A l’occasion de son 30ème anniversaire, la Société de Mathématiques Appliquées et Industrielles (SMAI) organisait à l’IHP le 8 octobre une journée de témoignages et de débats sur deux thèmes : les Massive Online Open Courses le matin et l’avenir des publications scientifiques l’après-midi.
Depuis des décennies, on trouve des vidéos de cours sur le marché, télévision puis internet. Il semble que récemment, ces produits se soient mis à attirer un public considérable (parfois des dizaines de milliers d’internautes inscrits). Il y a clairement des enjeux de notoriété. Y a t’il un nouveau marché ? De nouvelles manières d’apprendre et d’enseigner ? Une menace pour les modes traditionnels d’enseignement ? Avec le chantier France Université Numérique (FUN), le ministère français de l’Enseignement Supérieur et de la Recherche incite les établissements français à expérimenter, en mettant à leur disposition une plateforme technique commune. Pour faire quoi ?
La partie la plus visible du phénomène, ce sont des cours mis en ligne. Un tel produit est très différent d’un simple cours filmé : la durée étant réduite, cela nécessite un fort investissement de l’enseignant, des relecteurs, une équipe technique, une mise en scène, pour un produit fini qui restera figé et dont la durée de vie est incertaine. C’est très coûteux. Il n’est pas certain que cela soit la meilleure réponse à la demande. D’autres modalités d’enseignement à distance sont en cours d’expérimentation : les forums, où les auditeurs échangent entre eux ; les forums suivis, où ce sont des professionnels (pas nécessairement des enseignants) qui interagissent avec les auditeurs. Des outils d’analyse des comportements des auditeurs et de contrôle des connaissances sont expérimentés aussi.
Cet engouement questionne notre manière d’enseigner à l’université. Nous mettons déjà en ligne des documents à la pelle : notes de cours, exercices, annales corrigées, questionnaires, nous offrons des serveurs d’exercices interactifs… On aimerait que l’étudiant s’empare de ces outils en amont, et que les heures en présentiel soient davantage consacrées à l’échange : réponses aux questions, critique des documents, pourquoi ce contenu, à quoi ça conduit, à quoi ça sert dans le monde réel, développements plus culturels, démarche de recherche. On peut rêver.
Impossible de relater dans le détail la matinée, pourtant passionnante. On a l’impression d’un bouillonnement d’expériences, sans qu’on puisse voir encore quelles solutions vont durer. En tout cas, il y a une demande de contenus en français, sans doute surtout pour de la formation continue, ou de la part d’étudiants du tiers monde.

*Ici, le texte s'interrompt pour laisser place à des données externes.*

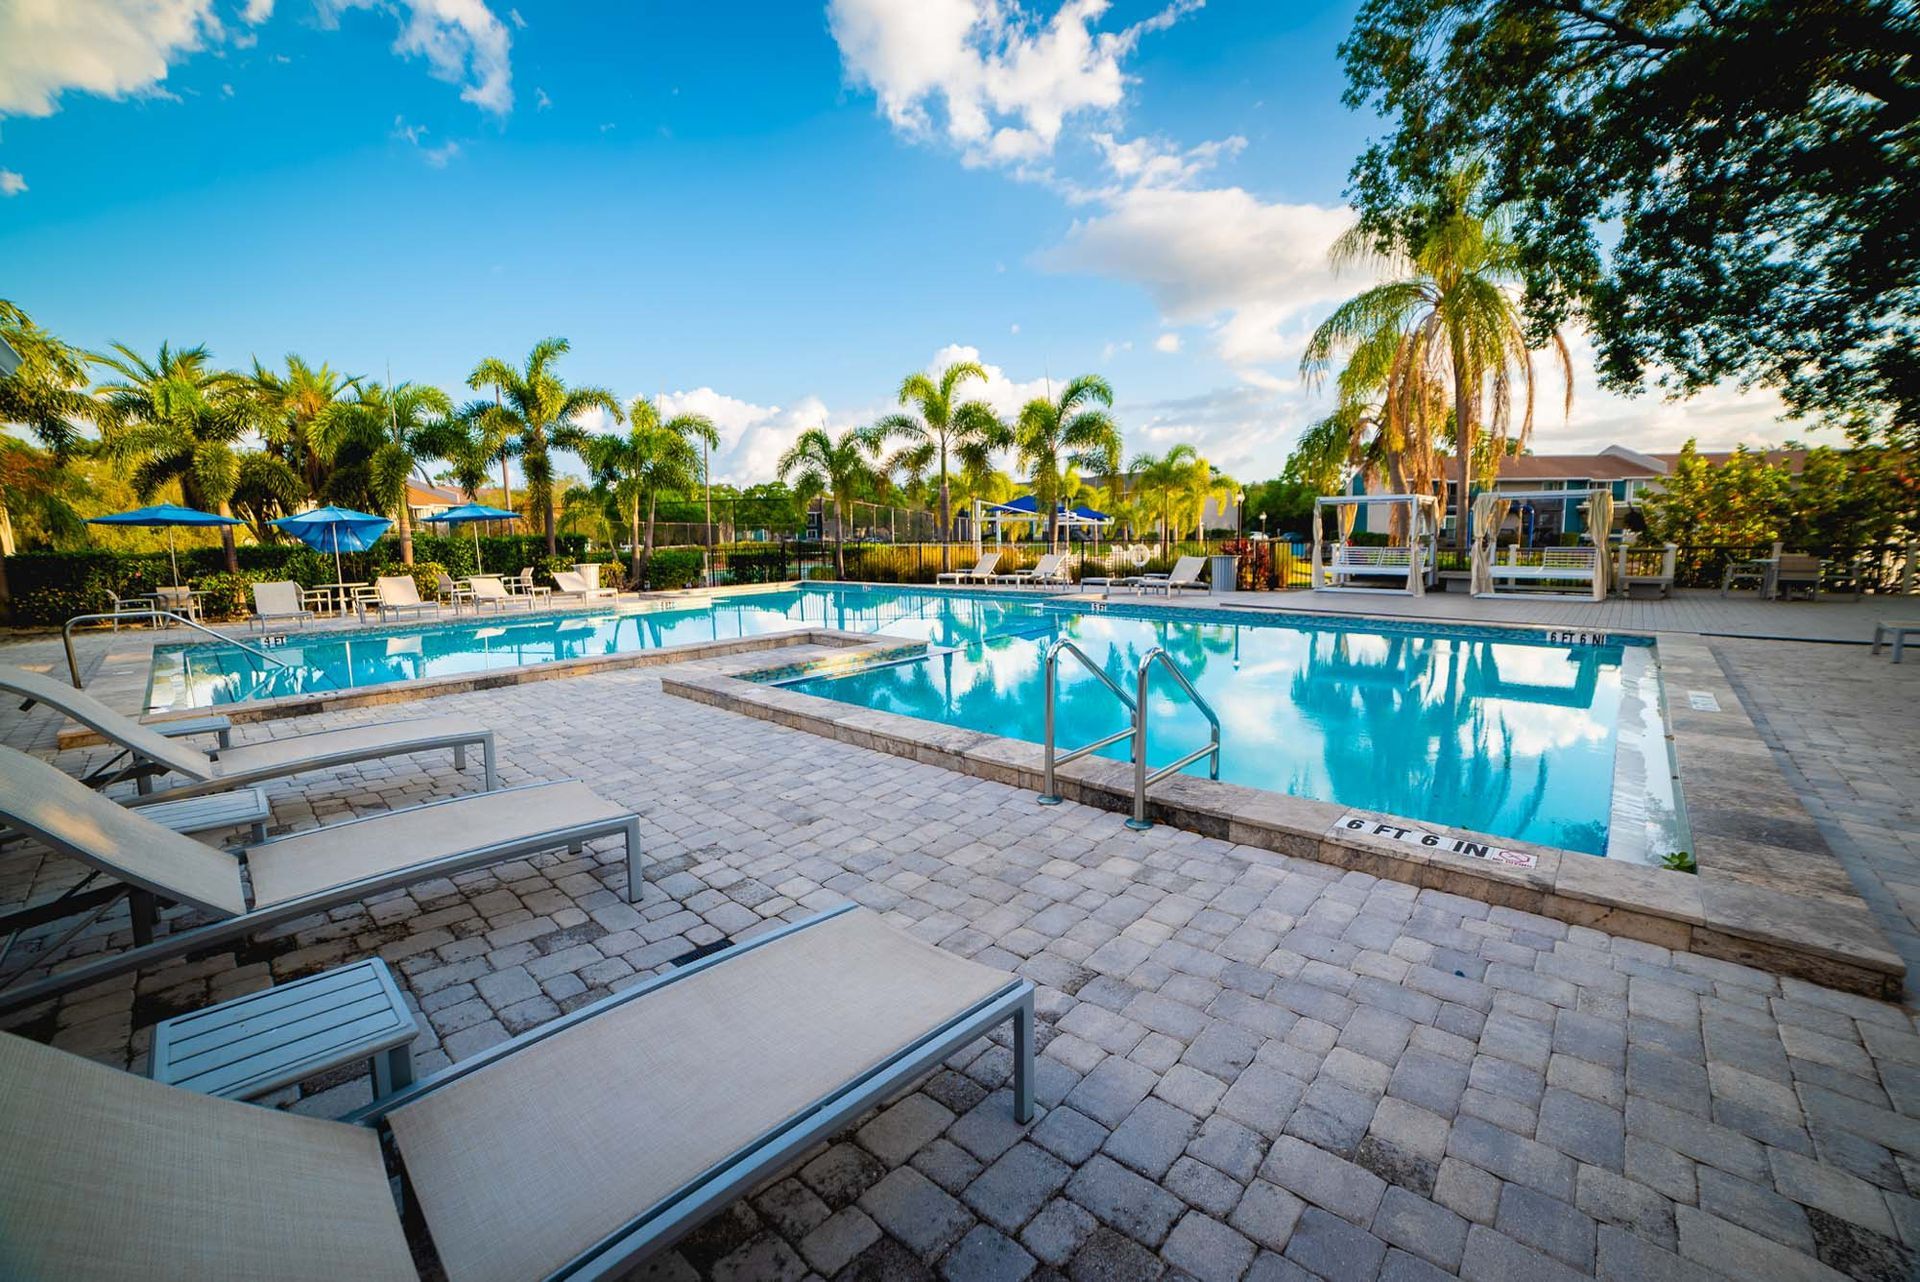 A large swimming pool surrounded by chairs and palm trees on a sunny day at Trellis at The Lakes.

A mon avis, c’est une raison suffisante pour que la communauté mathématique s’organise pour construire une offre cohérente, en dépassant les stratégies individuelles des établissements. Les sociétés savantes ont un rôle à jouer.
L’après-midi, brièvement interrompue par l’irruption d’un commando de La Barbe était consacrée à la mutation imminente du modèle économique des revues scientifiques.
Les organismes finançant le recherche exigent désormais que les résultats soient mis gratuitement à la disposition du public sur internet. Les éditeurs commerciaux ont réagi en se préparant à faire payer les auteurs au lieu des lecteurs de leurs revues, à des tarifs exorbitants. Des dérives ont immédiatement vu le jour : floraison de revues où on publie n’importe quoi à compte d’auteur. Indépendamment de ces excès, en cas de basculement global, la facture pour les organismes ou pays gros producteurs de recherche fondamentale augmenterait brutalement.
On sent la communauté mathématique française à la recherche d’un modèle alternatif partiel, où les bailleurs de fonds français (universités, organismes, agences de financement) financeraient des revues de la façon la plus centralisée possible. En minimisant les coûts : utilisation des outils de gestion développés par la cellule CEDRAM, pas de papier, pas de perfectionnisme dans la préparation matérielle des manuscrits. Ou même, à l’extrême, pas de préparation du tout : les articles restent dans l’état dans lequel ils ont été déposés sur une archive de prépublications, c’est le concept de l’épijournal. Le coût prohibitif de la publication dans des revues commerciales devrait augmenter l’activité des meilleures revues françaises existantes (les boycotts de 2012 ont déjà provoqué une augmentation des soumissions) et ouvrir un marché pour ces nouvelles revues institutionnelles. Toutefois, pour la Société Mathématique de France, qui a investi de longue date dans l’édition papier, puis, plus récemment, dans l’édition électronique, de très haute qualité, une échéance redoutable se profile.
Dans un monde académique mouvant, les sociétés savantes, lieux de débats et d’élaboration de solutions collectives, sont plus que jamais nécessaires. Longue vie à la Société de Mathématiques Appliquées et Industrielles !
La journée a été filmée, la vidéo est disponible sur Canal U, la chaine de la SMAI.